Ausschließlich ist Reichweite das Ziel, damit wird insbesondere das „Gegenlager“ angesprochen, nicht primär der Zielkunde – den erreicht die Message ohnehin irgendwann. Das Gegenlager kann einfach nicht schweigen und muss sich äußern angesichts des veröffentlichten Blödsinns. Und genau darauf zielt diese Art von Marketing ab. Jeder halbwegs intelligente Mensch weiß das auch – aber er reagiert oft trotzdem. Wie schnell würde diese Art der Werbung versiegen, wenn sie einfach unkommentiert bliebe. Wir Menschen entscheiden über die Reichweite. Jeder einzelne von uns.

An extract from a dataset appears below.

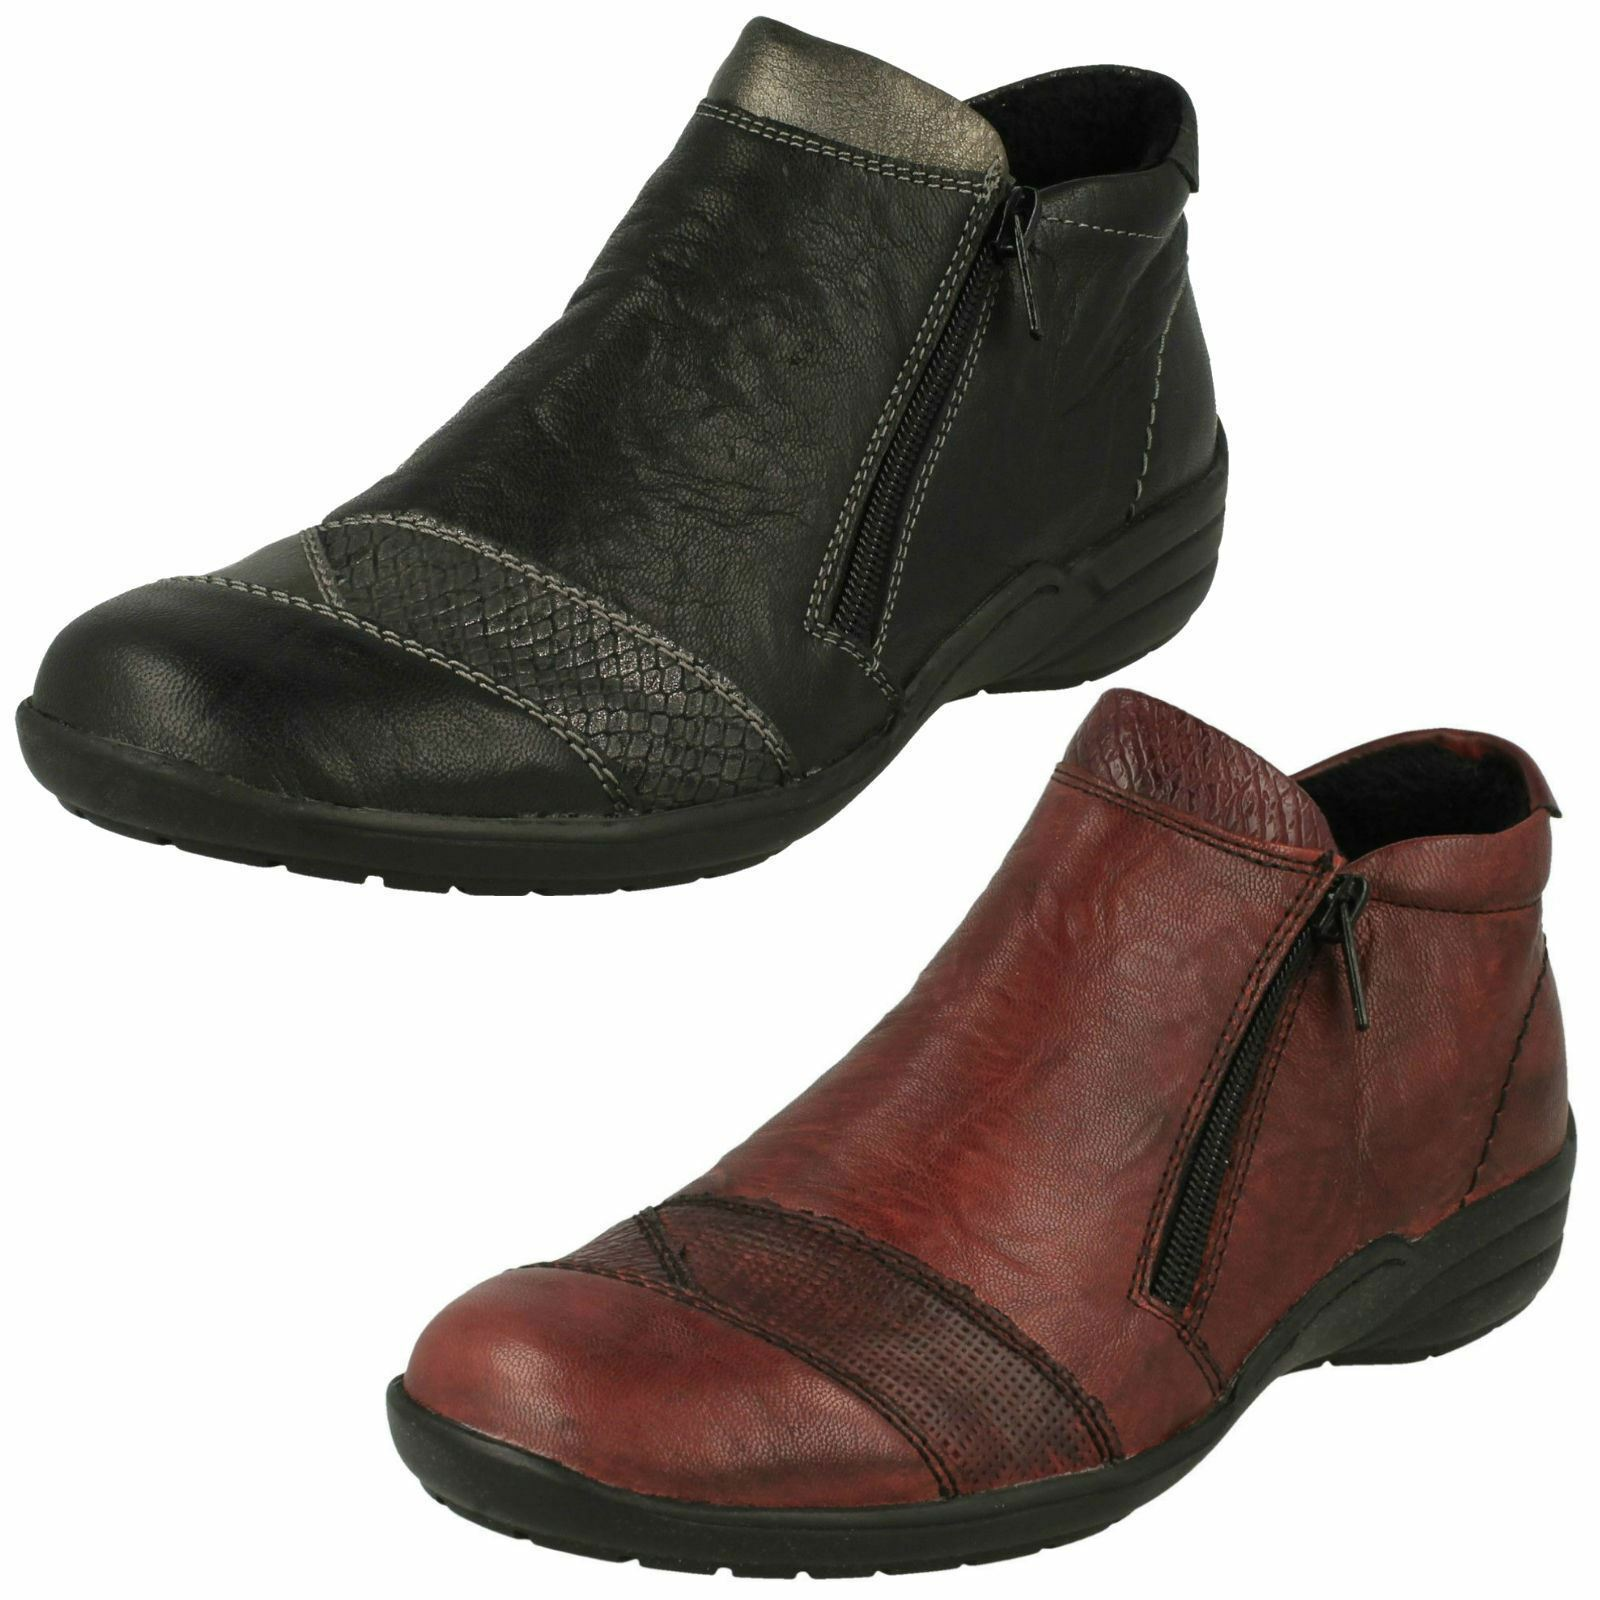 tienda en linea Remonte Remonte Remonte Damas Tobillo botas R7671  Para tu estilo de juego a los precios más baratos.

Oder wir bestärken Intoleranz, um gezielt das Gefühl von Angst auszunutzen und aus daraus entstehender Wut (und infolgedessen Hass) eine Spaltung der Menschen zu eigenem Nutzen zu provozieren.
Es ist nicht die Intoleranz an sich, die Angst schürt. Es ist die Gemeinschaft die sich daraus formt. Und Gemeinschaft schafft Sicherheit – sei sie noch so fragwürdig. Die Sicherheit ist mehr als nur porös und wenig belastbar. Aber darum geht’s in dem Moment nicht.

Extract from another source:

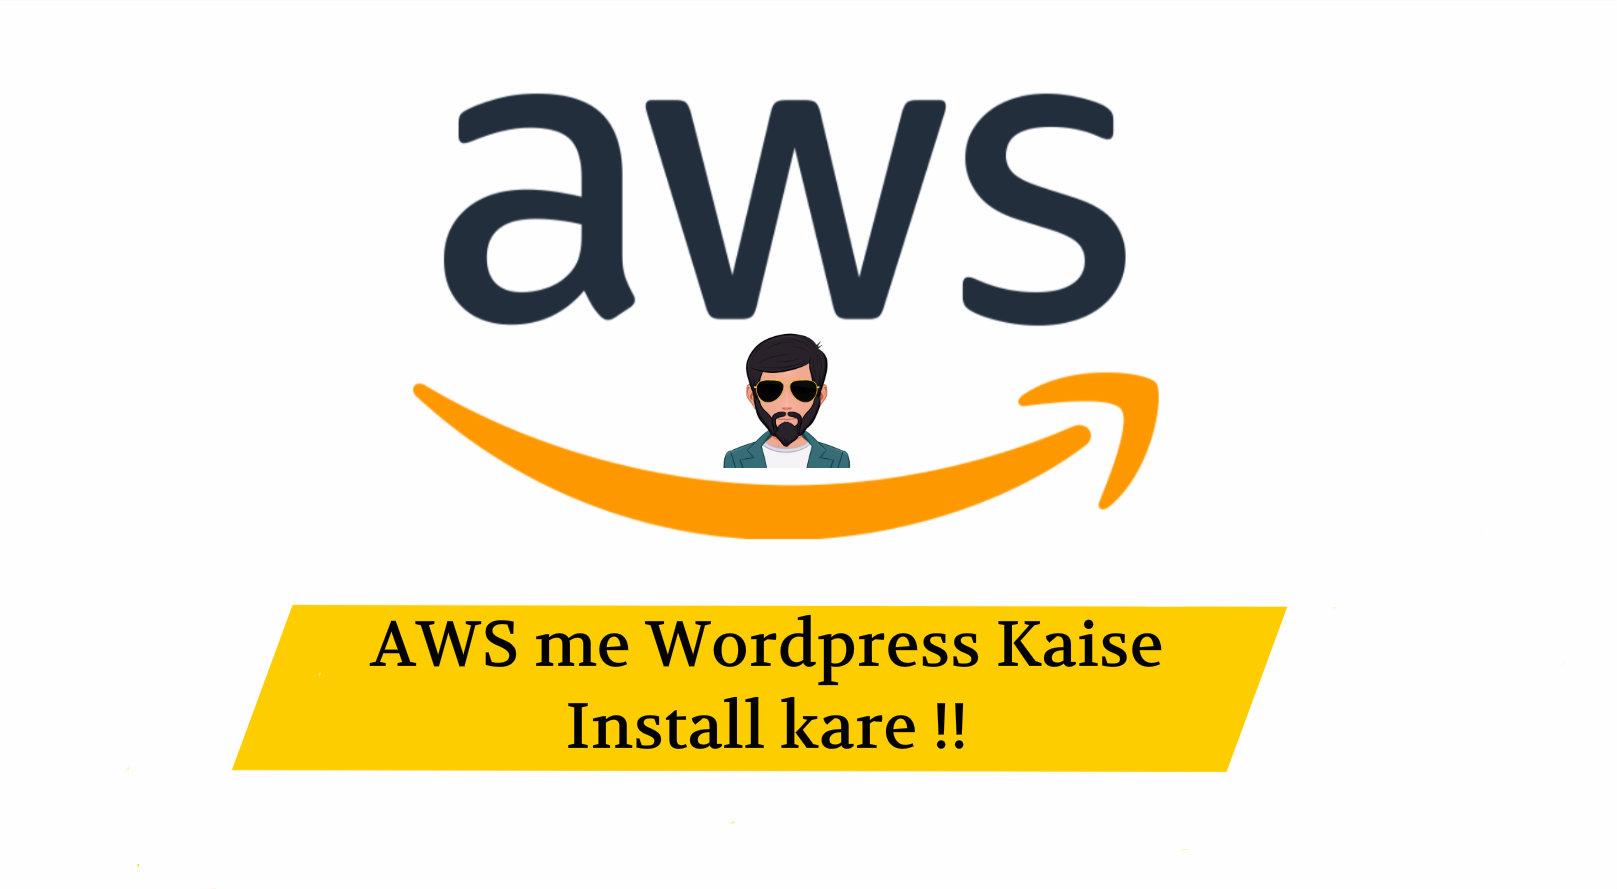 AWS me WordPress Kaise Install kare (Amazon Web Services) !!

Menschen fallen darauf rein, fühlen sich gestärkt in dem neuen Gefühl von Gemeinschaft, ein Gefühl, durch das Unsicherheit aufgefangen und eine künstliche und scheinhafte Sicherheit produziert wird.
Die wahren Missverständnisse und die persönliche und tiefsitzende Unsicherheit wird nicht gesehen (unbewusst ignoriert). Eine vermeintliche Sicherheit wird durch stark vereinfachte logische Erklärungen geschaffen. Wer hier nicht hinterfragt und bei sich selbst schaut, verfällt dieser vereinfachten Logik.

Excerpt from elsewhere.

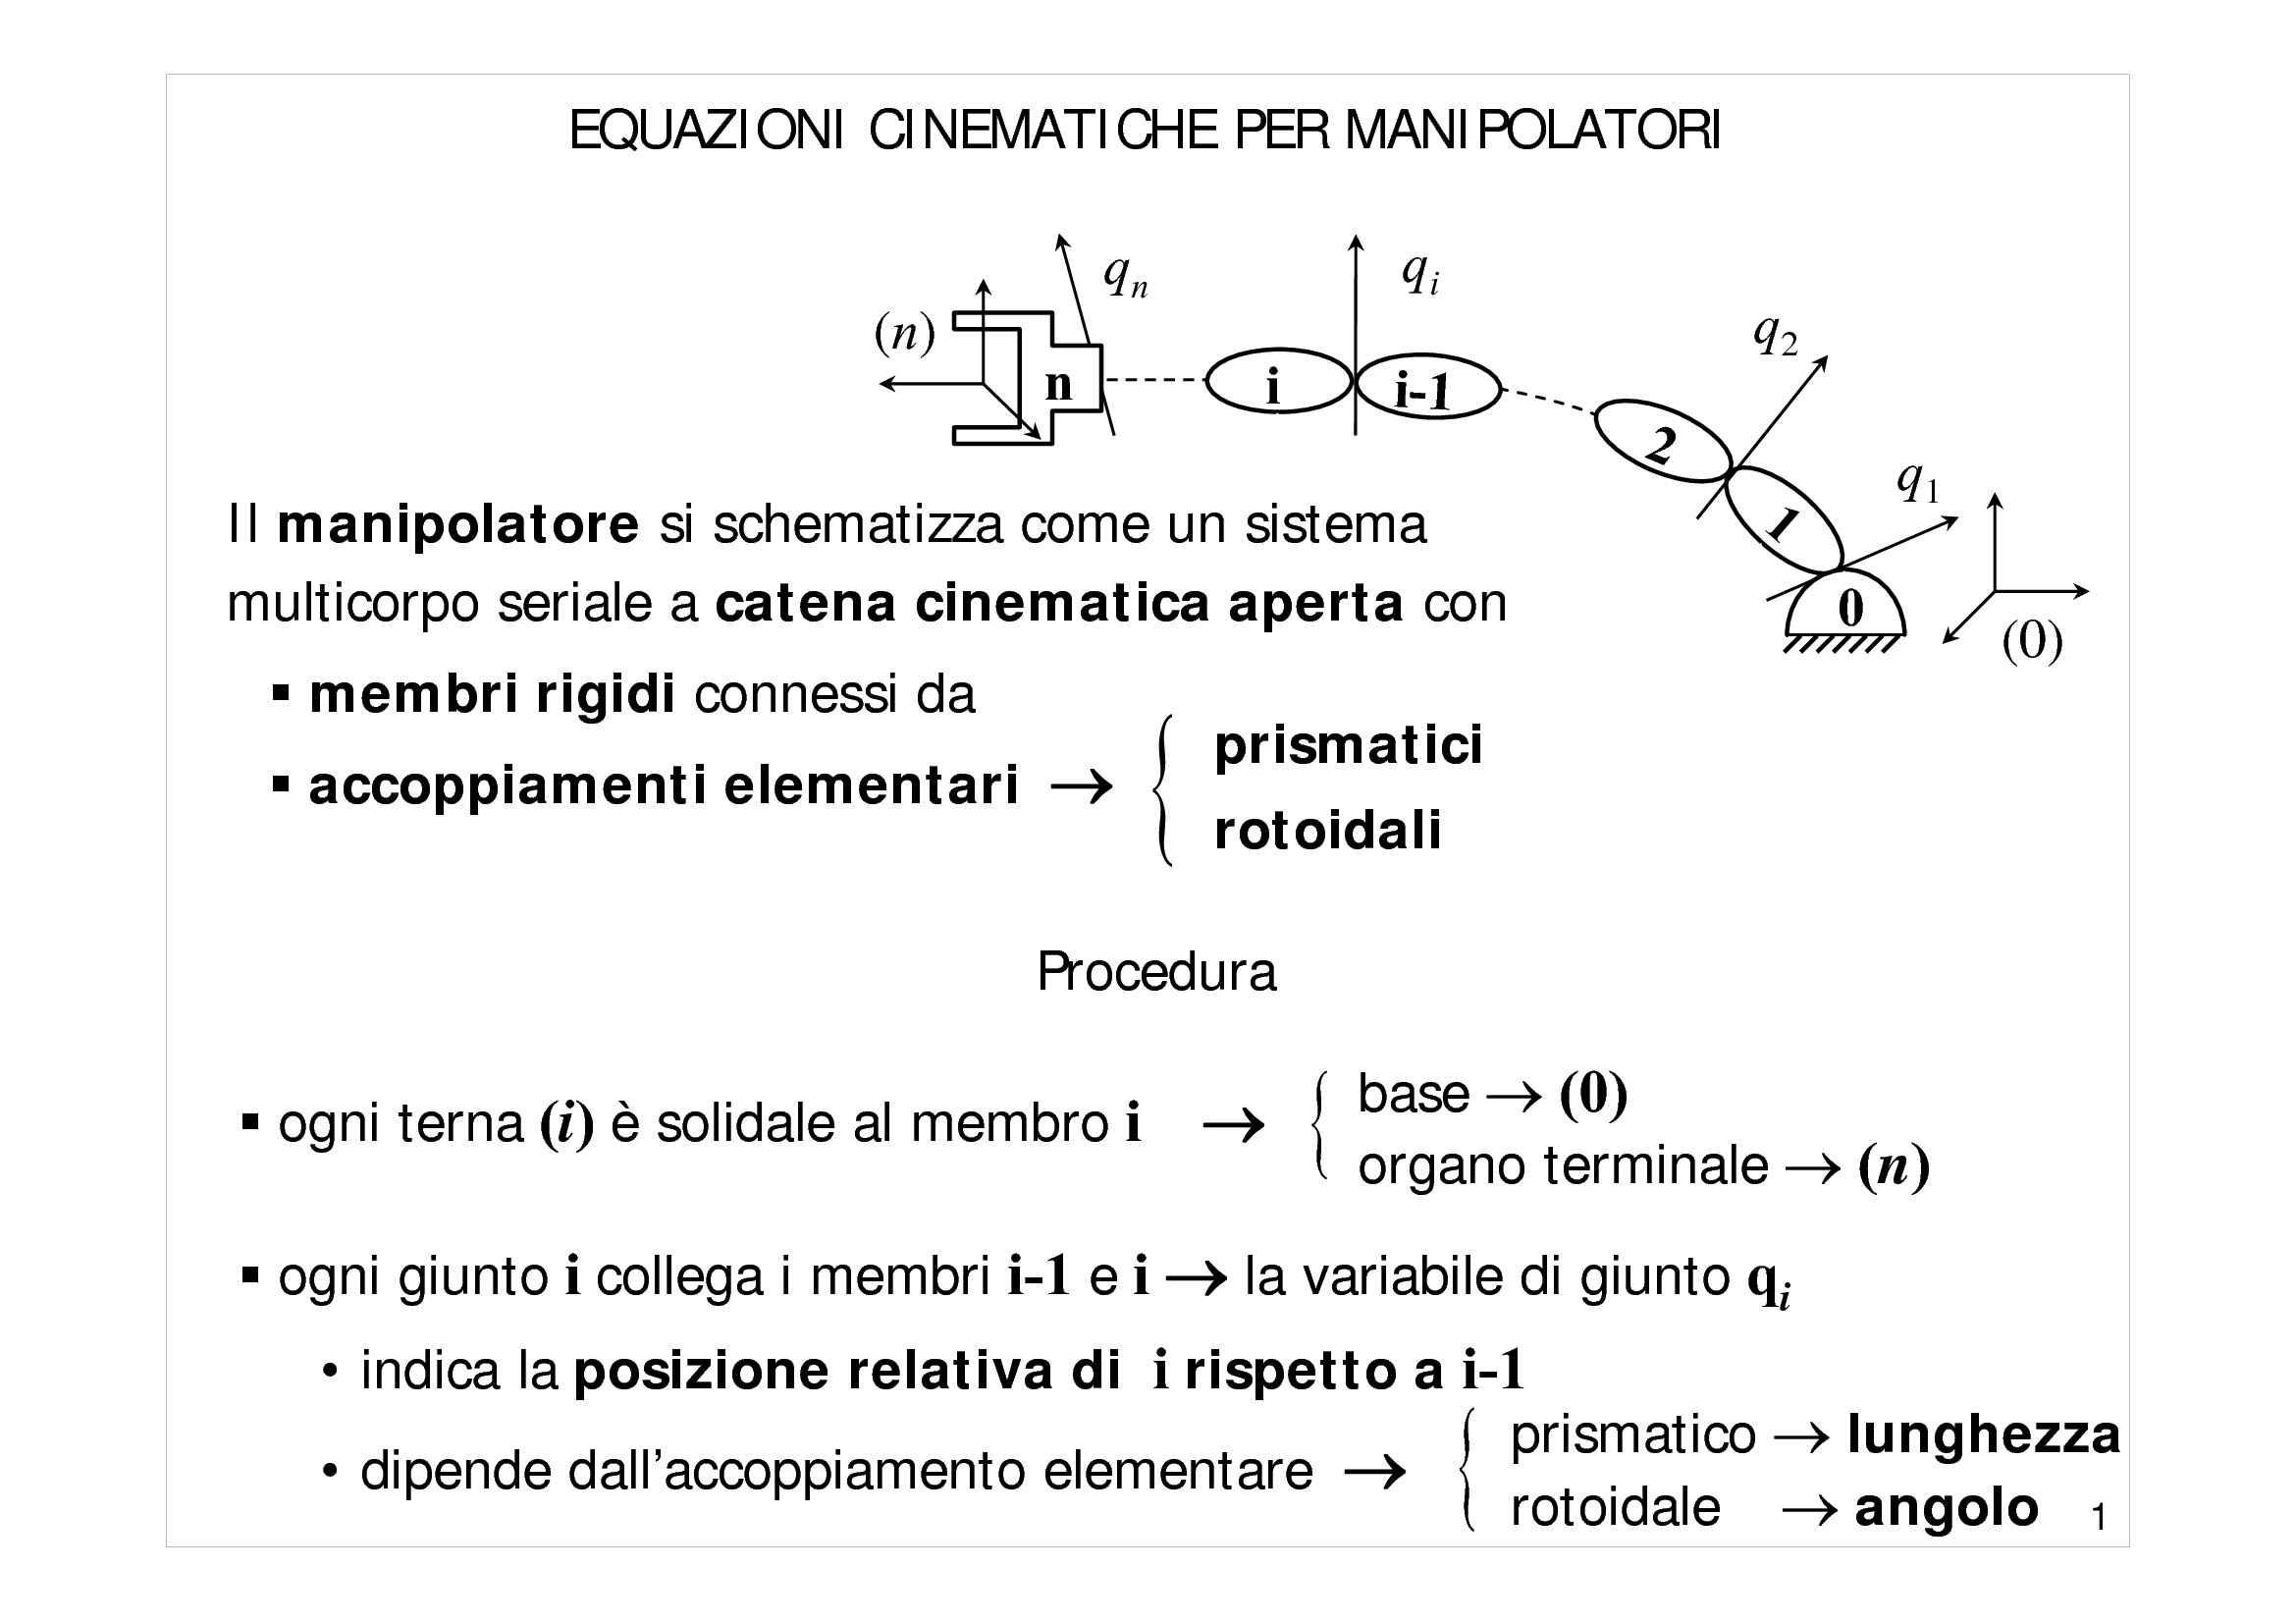 Equazioni cinematiche per manipolatori

Wann oder wie kann denn nun persönliche Veränderung stattfinden? Sie beginnt im Inneren jedes Einzelnen. Wir können uns selbst und auch die Theorien, die für uns eine akzeptierte Wahrheit darstellen selbst hinterfragen. Dazu braucht es aber den Willen und auch den Mut dazu.
Verständnis, das möchte ich ganz klar betonen, heißt nicht das Akzeptieren einer anderen Sichtweise bei gleichzeitigem Verwerfen der eigenen Sichtweise. Hier ist es ähnlich mit der Toleranz. Heißt: Du gibst erstmal nichts von Dir auf!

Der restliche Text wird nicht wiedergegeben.